# Strangely pleasant smell?



## chauceringram (11 mo ago)

Yesterday I cleaned the family FX4. Part of the process is replacing 2 media bags of Seachem Renew used for chemical filtration. The smell I'm speaking of I've experienced twice, once while cleaning the pre-filter of an OASE 600 months ago and again this morning. One way to describe this smell is that it's a sweet, dense earthy odor. Considering where this smell comes from it's weird that I find it pleasant. Any ideas on what the smell is and why it's pleasant?


----------



## chauceringram (11 mo ago)

I've started to read about a tank "infesting" creature called the detritus worm. My show tank has gone from cleanings that generate matter that looks like garden dirt being sucked out to barely dirty, even I we go a couple of weeks. Also, my python seems to suck up small white particles instead of the black clouds we used to see. During this time my show fish, 3 BRP's two being juvenile's and one full grown seem very interested in my gravel substrate. Could these mostly harmless worms explain my smell? Perhaps?

Detritus-worms


----------



## FishTankExpert (Jun 19, 2021)

Maybe? Try doing a huge water change, like 60% and see if the worms and smell is still there


----------



## chauceringram (11 mo ago)

I'll give it a run and see what happens.


----------



## FishTankExpert (Jun 19, 2021)

Ok that sounds like a good plan. Maybe you can also try vacuuming the worms with a siphon?


----------



## chauceringram (11 mo ago)

FishTankExpert said:


> Ok that sounds like a good plan. Maybe you can also try vacuuming the worms with a siphon?


It's funny you'd broach substrate vacuuming.  My wife loves the process, especially since we've learned how to use the python to it's fullest potential. Other than the white flecks I mentioned all I see coming out are bits of dirt. Since I have QT now it's time to start assembling my clean-up crew. Opinions welcome:

125G long community tank, good automatic lighting
3 BLP's, 2 juveniles, one greedy, aging adult
1 Med silver dollar, 1 huge redhook silver dollar
2 mature albino pleco's
FX4-FX6, well-maintained/quality mats - XF350 Gyre pump (means NO air stone)

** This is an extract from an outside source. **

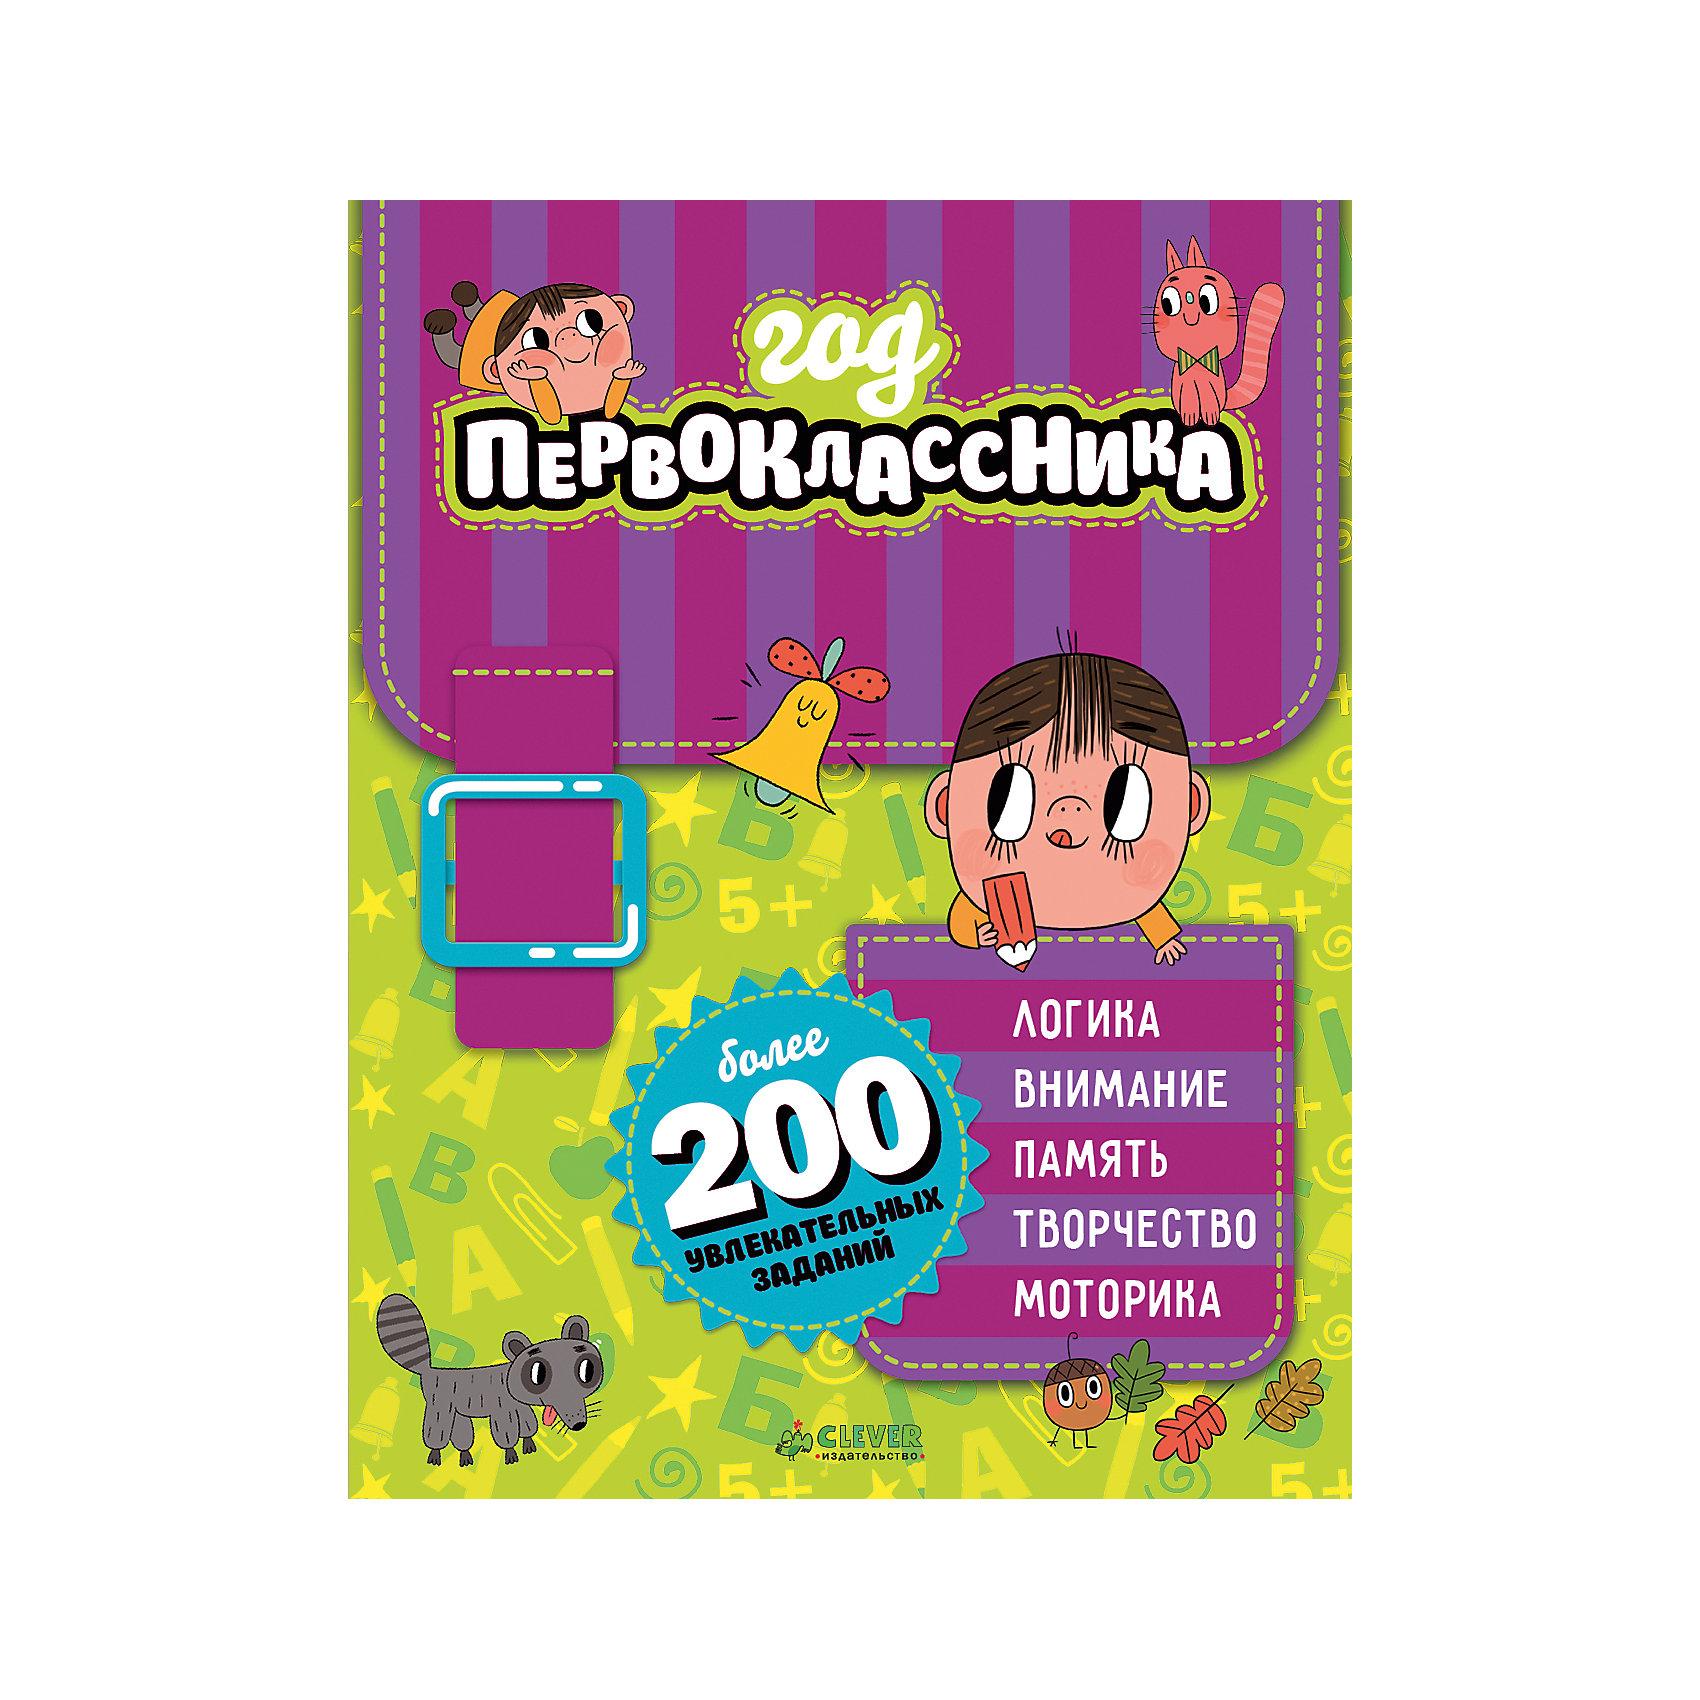 Год первоклассника, CleverCLEVER (КЛЕВЕР)<br>С этой увлекательной книжкой ваш школьник точно не заскучает! Разнообразные раскраски, лабиринты, бродилки, находилки, головоломки, пазлы и шифры - заданий хватит на целый год. Превратите обучение в интересную игру, от которой будет сложно оторваться. Занимайтесь с удовольствием, развивайте логическое мышление, фантазию, память, речь, внимание и словарный запас!<br><br>Ширина мм: 220<br>Глубина мм: 170<br>Высота мм: 100<br>Вес г: 299<br>Возраст от месяцев: 84<br>Возраст до месяцев: 132<br>Пол: Мужской<br>Возраст: Детский<br>SKU: 6751808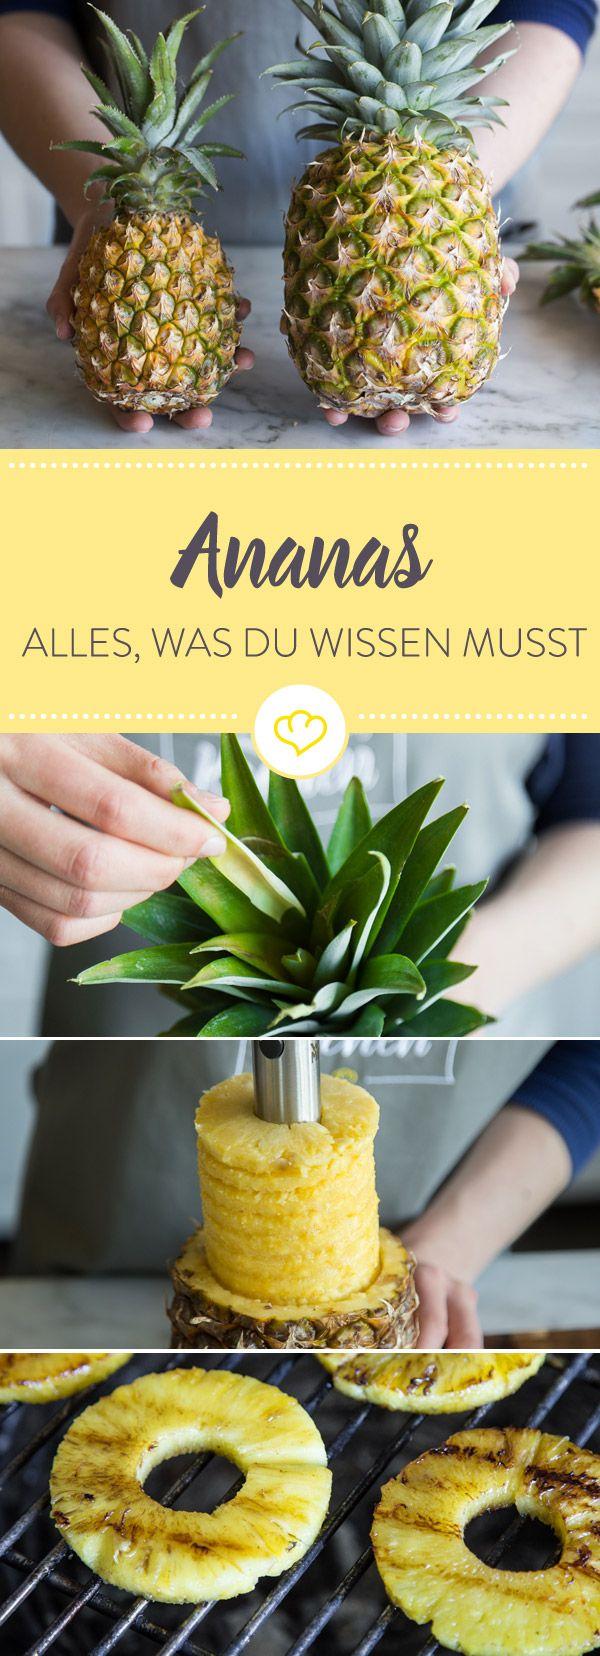 Ananas ist nicht nur aromatisch-süß, sondern auch kalorienarm und voller wichtiger Nährstoffe. Hier erfährst du Wissenswertes rund um die beliebte Südfucht.

I'd like the clean-up crew to be great with algae/detritus (worms?) I'd like them to be small to medium sized. Total 4 to 6 in number, depending. I almost bought 4 nerites' today, but I decided to see if I can put them in isolation with some moss balls without an issue.


----------



## FishTankExpert (Jun 19, 2021)

I think that you will be okay as long as know fish are dying


----------



## judeloningram (11 mo ago)

My pets being alive and happy ARE are a given, right?


----------